Повисла такая тишина, что Максимов счёл за благо ослабить хватку.
— Радует одно — полная определённость.
Они поняли по голосу, что он широко и беззаботно улыбается.
И ожили.
Так он стал для них Странником. Неизвестно кем, пришедшим из ниоткуда. С приходом которого жизнь необратимо меняется. Иллюзия покоя и воли сменяется жестокой свободой. Правом выбирать: быть или умереть.
В ванной было холодно до дрожи. Как всегда, первую подачу воды Максимов проспал. Чтобы не ждать следующей, в одиннадцать часов, он ставил на ночь ведро в ванну и открывал кран. Пусть лилось через край, для тех, кто организовал эту скотскую экономию, убыток небольшой, но к его пробуждению всегда была вода.
Морщась и постанывая, он облился по пояс, докрасна растёрся полотенцем. Глянул на тусклую лампочку и решил не бриться. Больше всего по утрам его раздражала эта мерзкая, в белесых известковых разводах, еле переливающаяся тошнотворно-жёлтым светом, лампочка.
Жилище в лучшие времена принадлежало какому-то мелкому «новому русскому», учудившему личную перестройку на площади всех квартир на этаже. Как выглядело всё в те «лучшие времена», сказать было уже невозможно.

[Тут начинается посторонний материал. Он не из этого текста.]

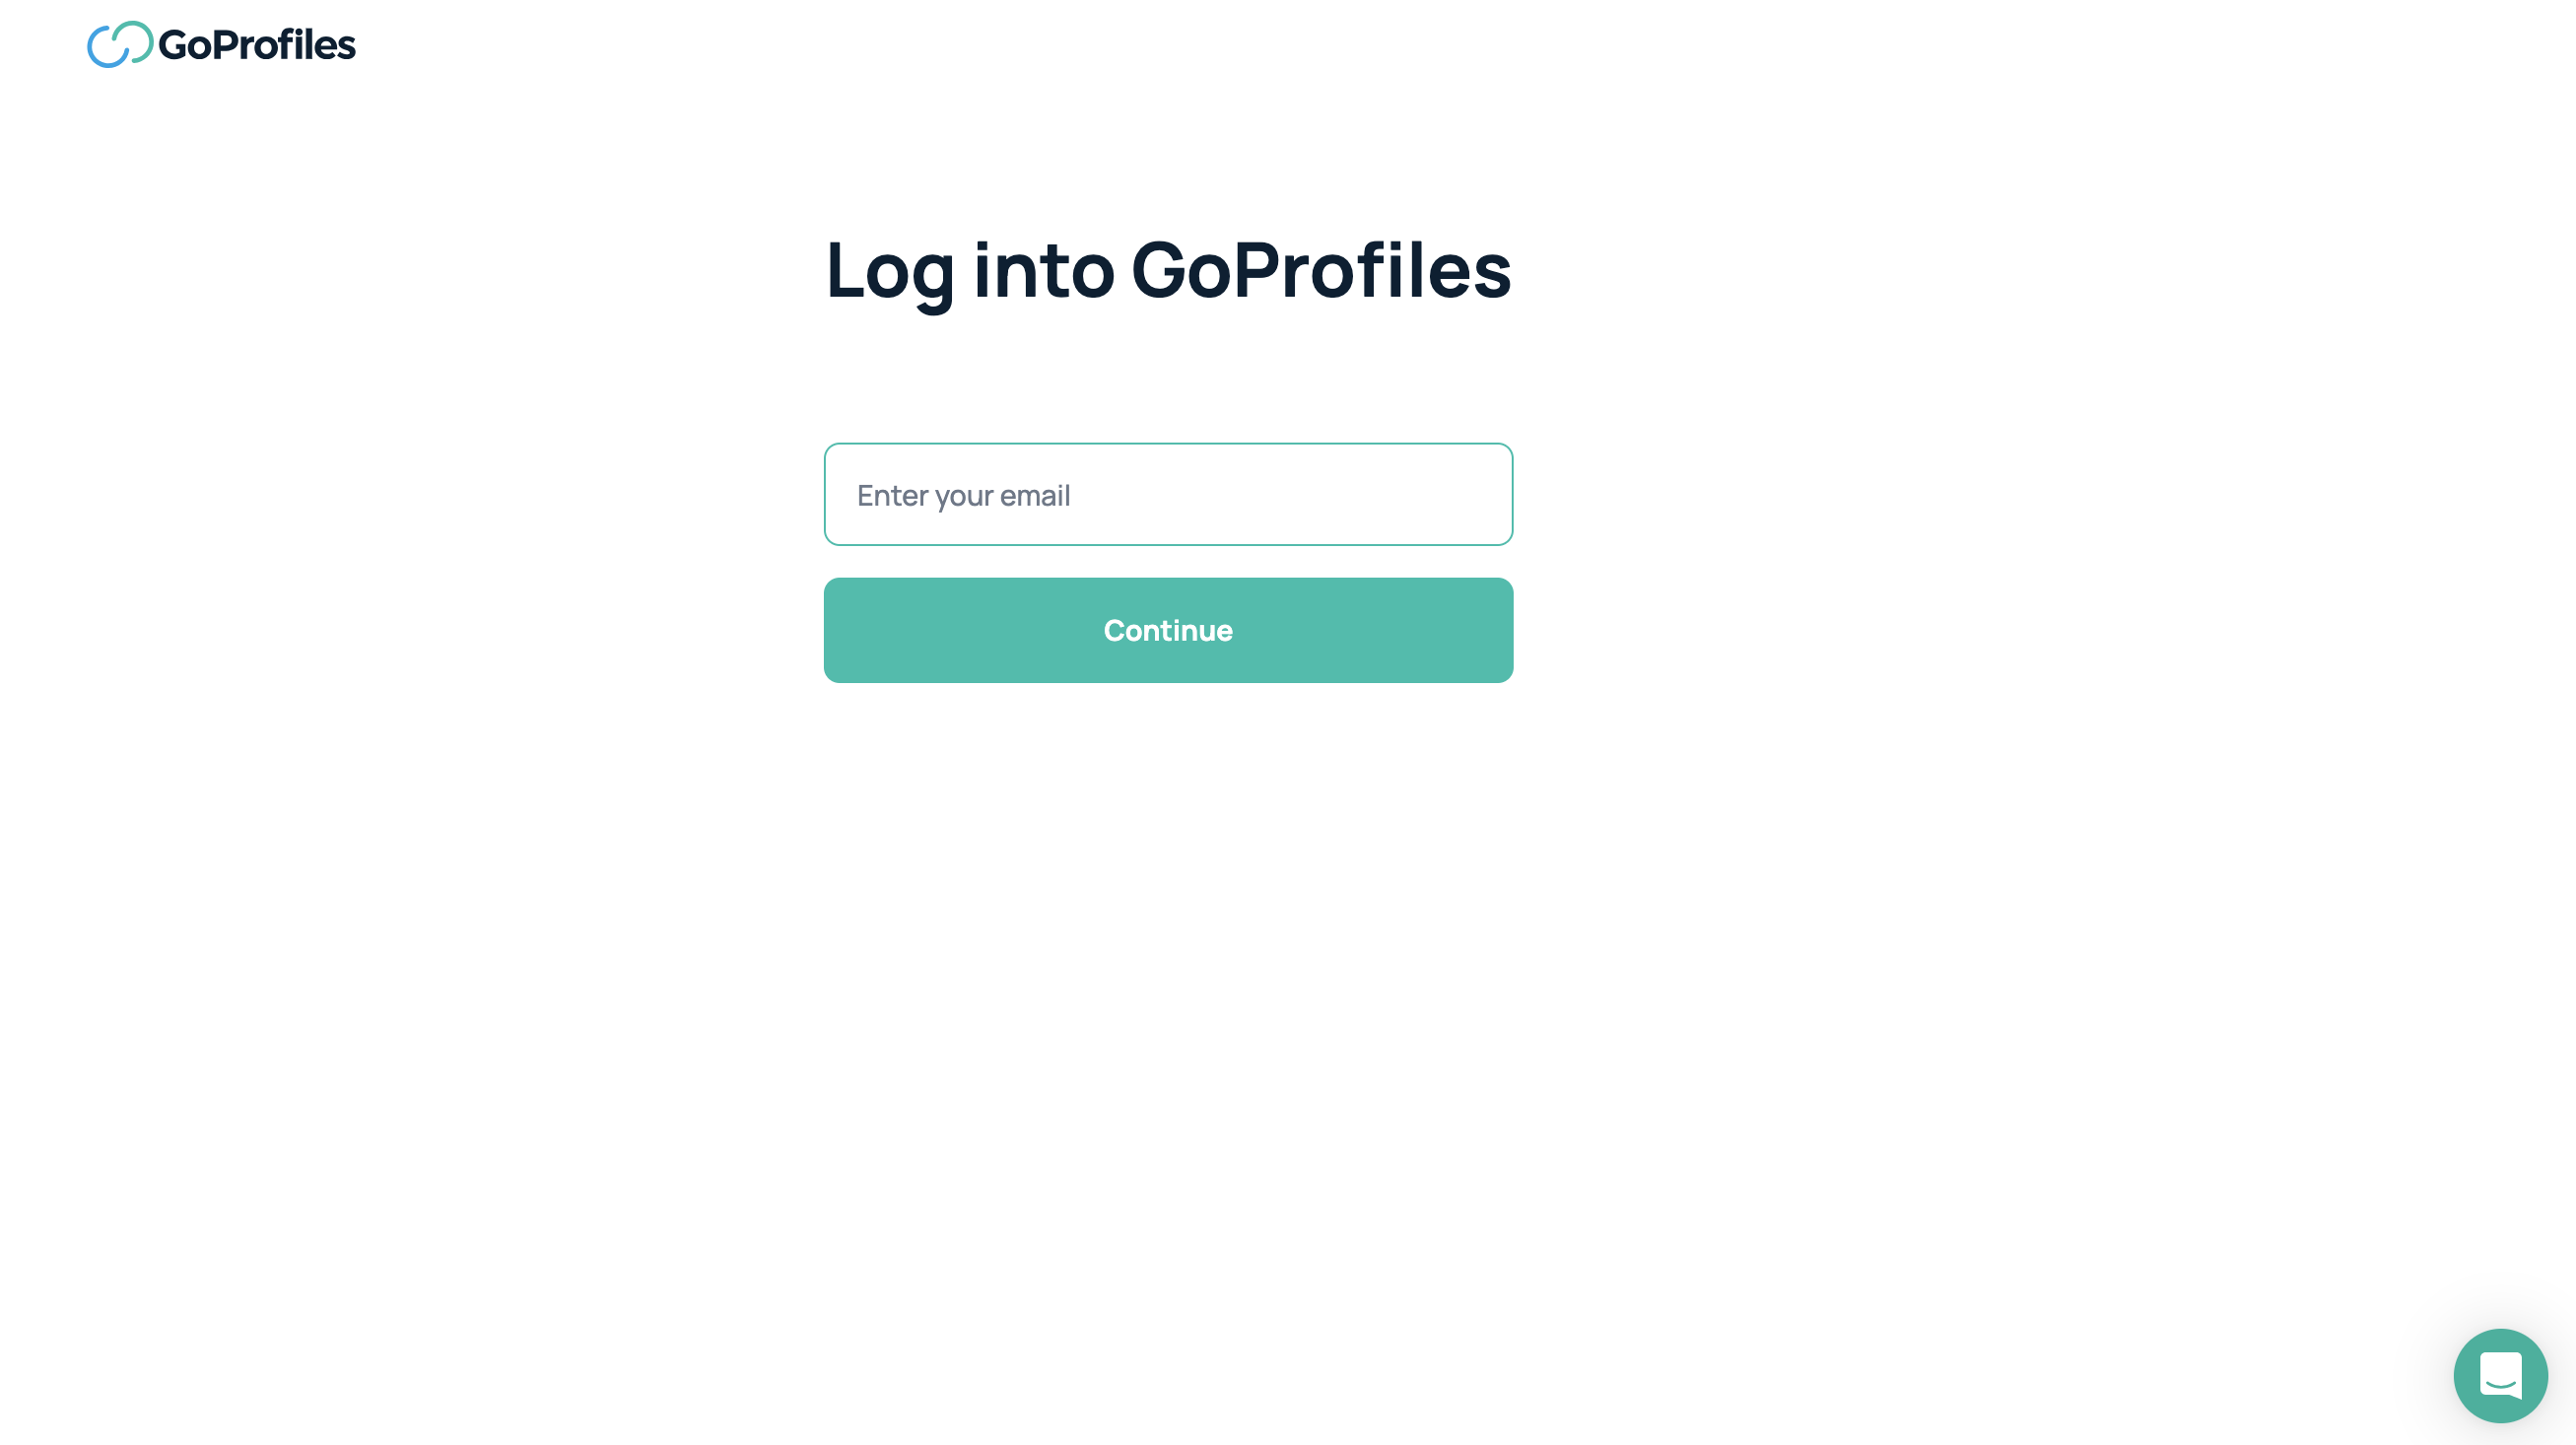 GoProfiles login page showing the support chat in the bottom right corner of the page

Уплотнённые и подселённые разношёрстные жильцы, очевидно, руководствуясь генной памятью, коллективными усилиями, усугублёнными склоками и подлянками, уничтожили остатки «евростандарта» и воспроизвели интерьеры классической коммуналки двадцатых годов прошлого века.
Нравы завелись соответствующие. На трёхстах квадратных метров, поделённых на клетушки, полыхали зощенко-шекспировские страсти. Но дальше порога не выплёскивались. Жильцы коммуналки, даже захлёбываясь желчью и исходя праведным гневом, никогда не перегибали палку. Потому что к любому можно придраться, а уж в наши дни — и подавно, поэтому никто не хотел провоцировать соседа на крайности; ещё не остыв от кухонной склоки, стукануть на обидчика оперу или старшему по дому мог любой, а документы в порядке были не у всех, пойдёт писать губерния, и мириться придётся уже в КПЗ.

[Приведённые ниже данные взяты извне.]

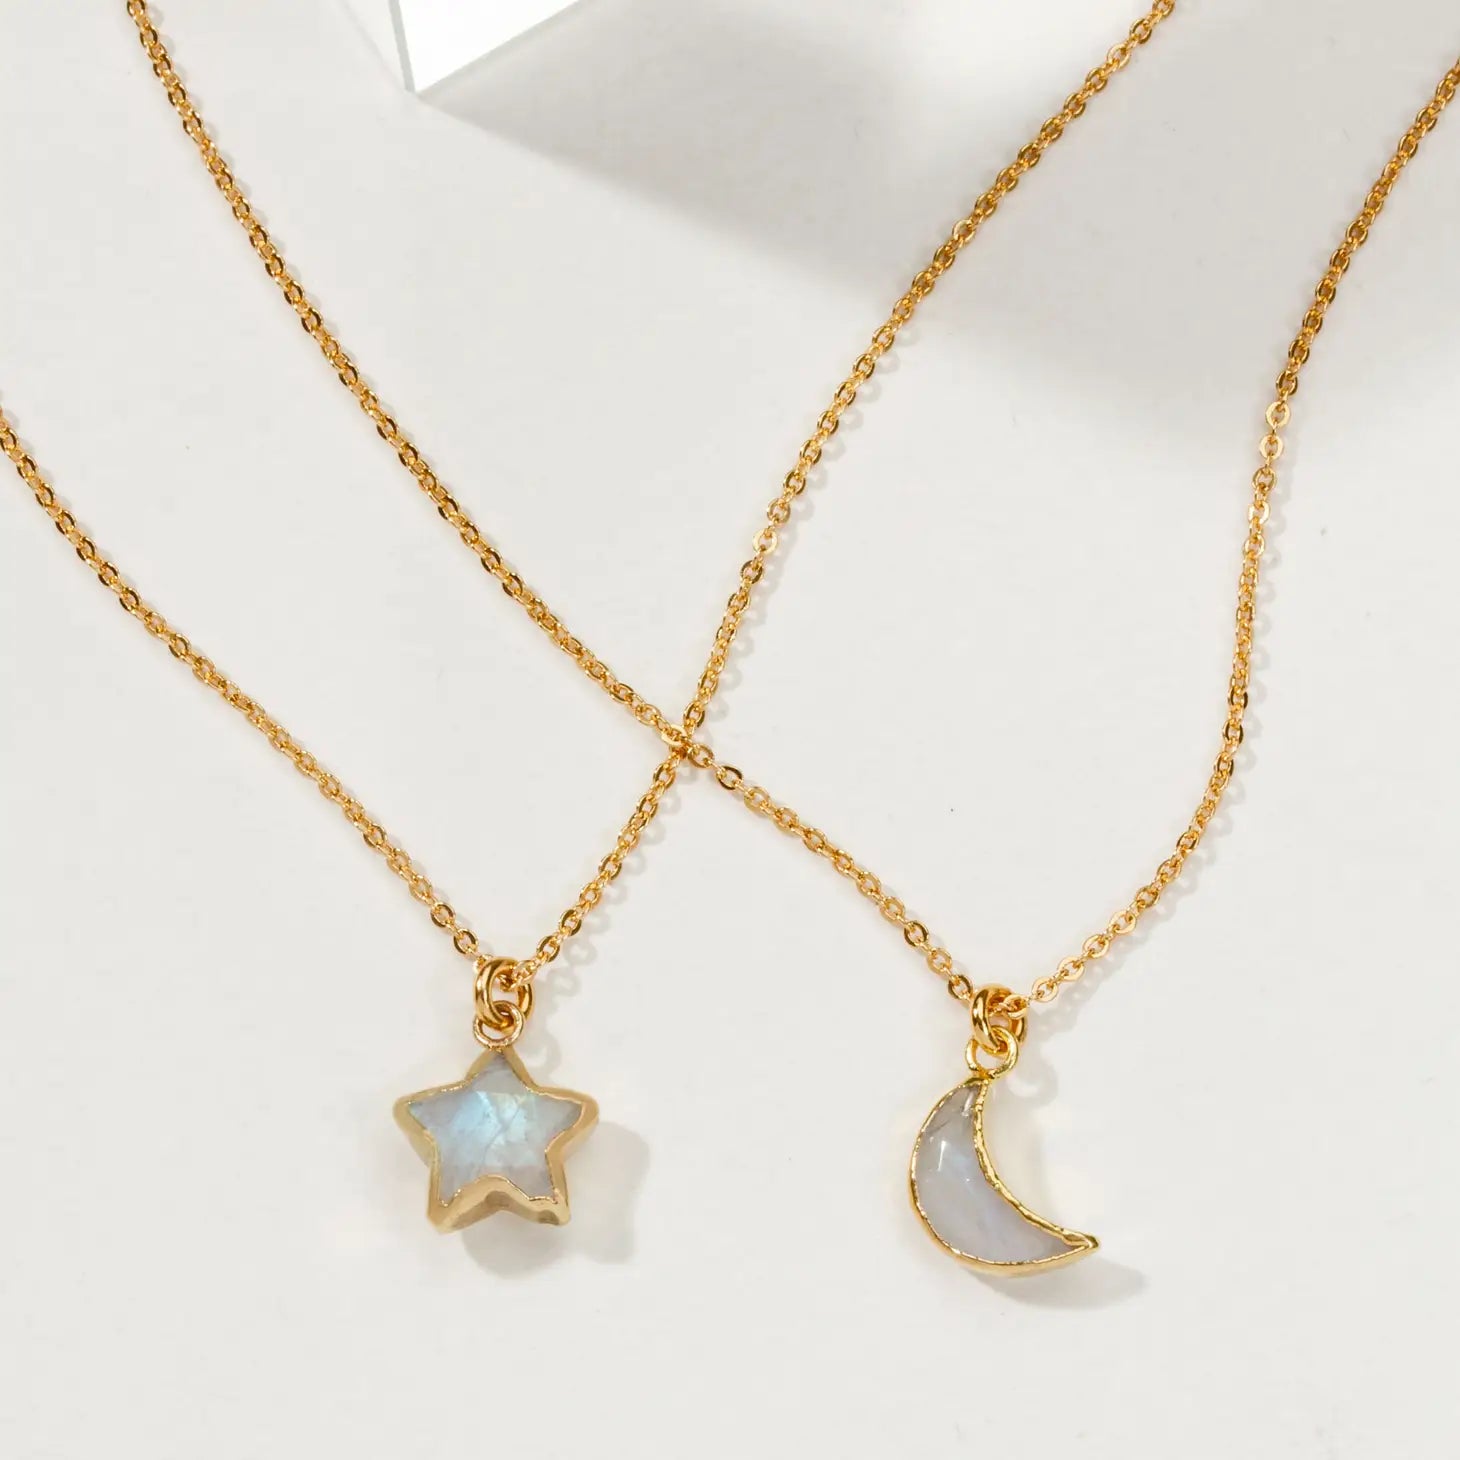 YGT 4 Piece Set Best Friend Friendship Necklace Sun Moon Cloud And Star  Inlaid Rhinestone Stitching BFF Pendant Fashion Jewelry Gift|Pendant  Necklaces | Shopee Singapore

Единственной благонадёжной в квартире, если не во всём доме, заселённом злостными неплательщиками, маргинальными личностями и откровенно криминальным элементом, считалась Мария Алексеевна, престарелая мать вертухая Бутырки в малом чине, да и та вторую неделю не вставала с постели.
У себя в комнате Максимов допил остатки вчерашнего чая и, подавив отвращение, с трудом прожевал кусок колбасы, ставшей за ночь серой и ослизлой. Колбаса теперь делилась на «гуманитарную» и «отечественную». Третьесортный по европейским стандартам, да ещё явно «второй свежести», деликатес «гуманитарки» полагался по карточкам и то не всем. Оставленным без льгот или хронически безденежным предлагалось демонстрировать чудеса патриотизма — жрать «отечественную» и не помирать от отравления.
Максимов закурил сигарету и долго рылся в куче тряпок, выбирая носки; попадались почему-то все непарные, наконец, нашёл нужные, правда, один оказался свежее.
«Вот и старческий склероз, — усмехнулся Максимов. Видно, пару раз ходил в разных. Не дай бог, убьют, в морге хохот неделю стоять будет!»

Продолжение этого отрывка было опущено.